This study also highlights another important observation that average GLS value may not truly reflect the early dysfunction seen in regional strain.[7] As the classic GLS strain value noted in these studies was cumulative data of all segments, a closer observation showed that there may be significant discrepancies in regional strain value between each segment (i.e. overall regional strain of −18% with −30% in apical septal segment but −11.3% in basal and mid inferoseptal segments). This is an important concept that instead of focusing on the mean GLS value alone, close attention and evaluation of individual wall segments must be made to avoid overlooking early signs of cardiac dysfunction.

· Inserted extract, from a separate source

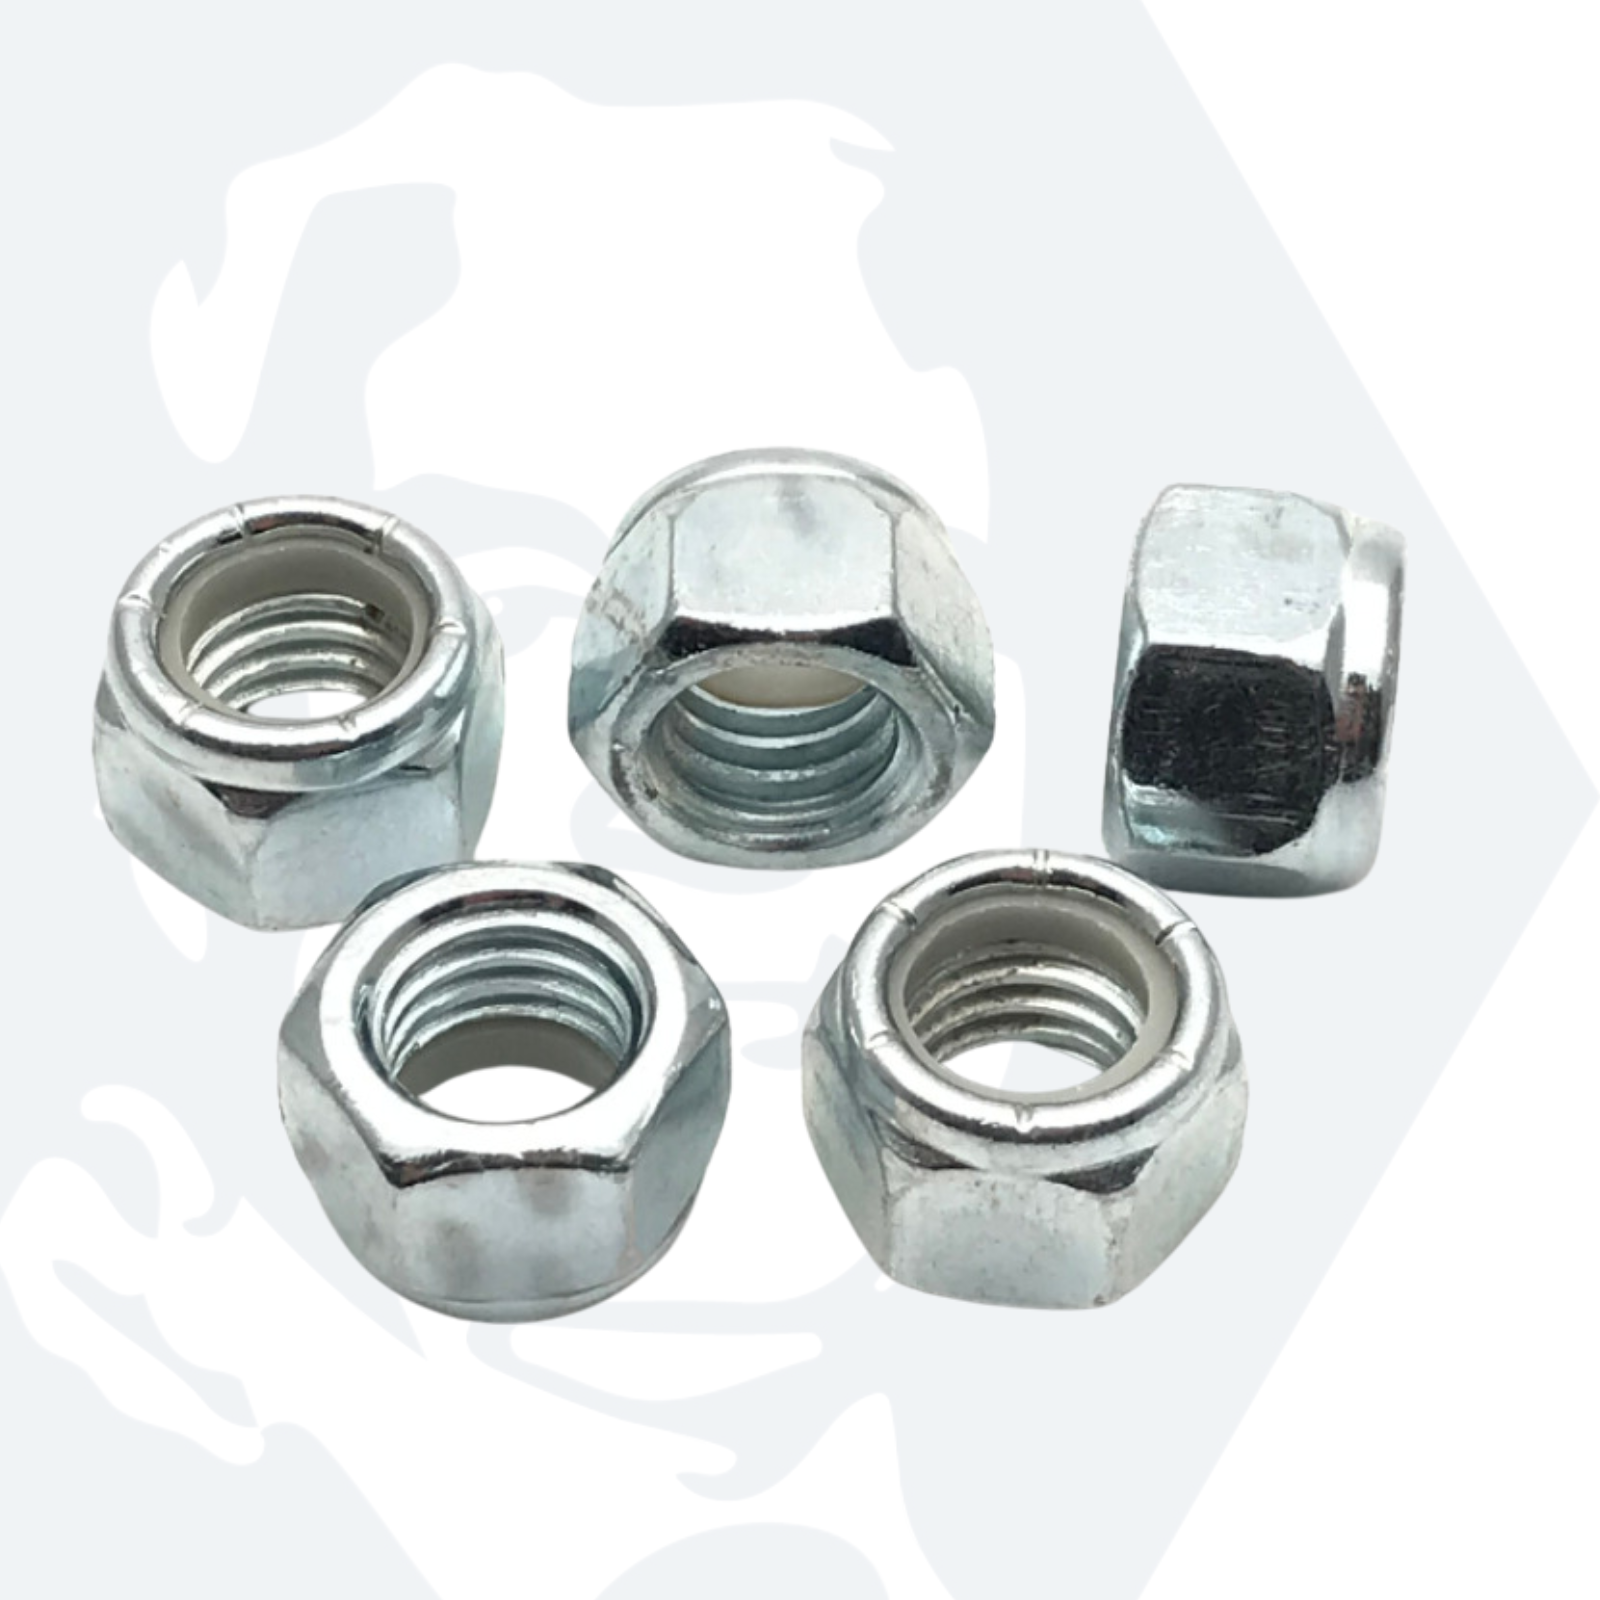 #10 UNF Hexagon Nylon Locking Nuts - Zinc Plated Steel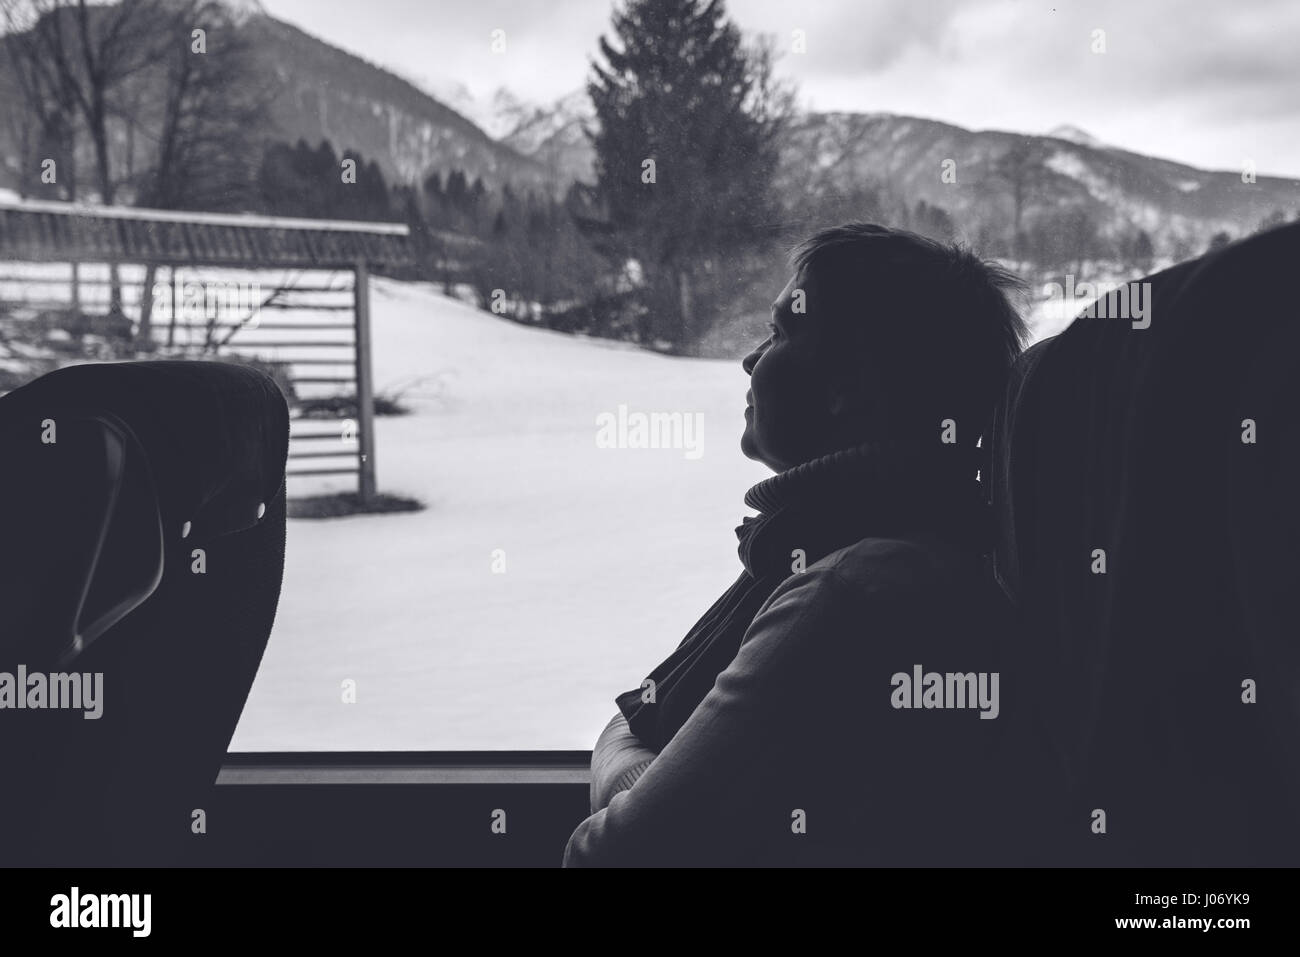 Female tourist on the bus riding through winter mountain landscape, monochromatic black and white image Stock Photo

Different from congestive heart failure from other etiologies, LV dysfunction is not detected until advanced stage in Fabry disease. Among patients who died from Fabry disease, the diagnosis was made relatively late in age: median age of 40 years in men and 55 years in women.[1] The delay in diagnosis led to progression of cardiomyopathy into advanced stage, which contributed to the eventual death.[8] One of the pathognomonic markers of Fabry cardiomyopathy is found in inferolateral basal or mid basal segments seen on cardiac MRI and posterior basal segments on strain pattern.[9] Consistent with this finding, our study showed that abnormal strain patterns correlate with MRI findings. However, in two patients with abnormalities on strain analysis, cardiac MRI did not show signs of myocardial inflammation or scarring. For this reason, strain analysis may be a more sensitive tool to detect early myocardial changes that may not always be detected on cardiac MRI.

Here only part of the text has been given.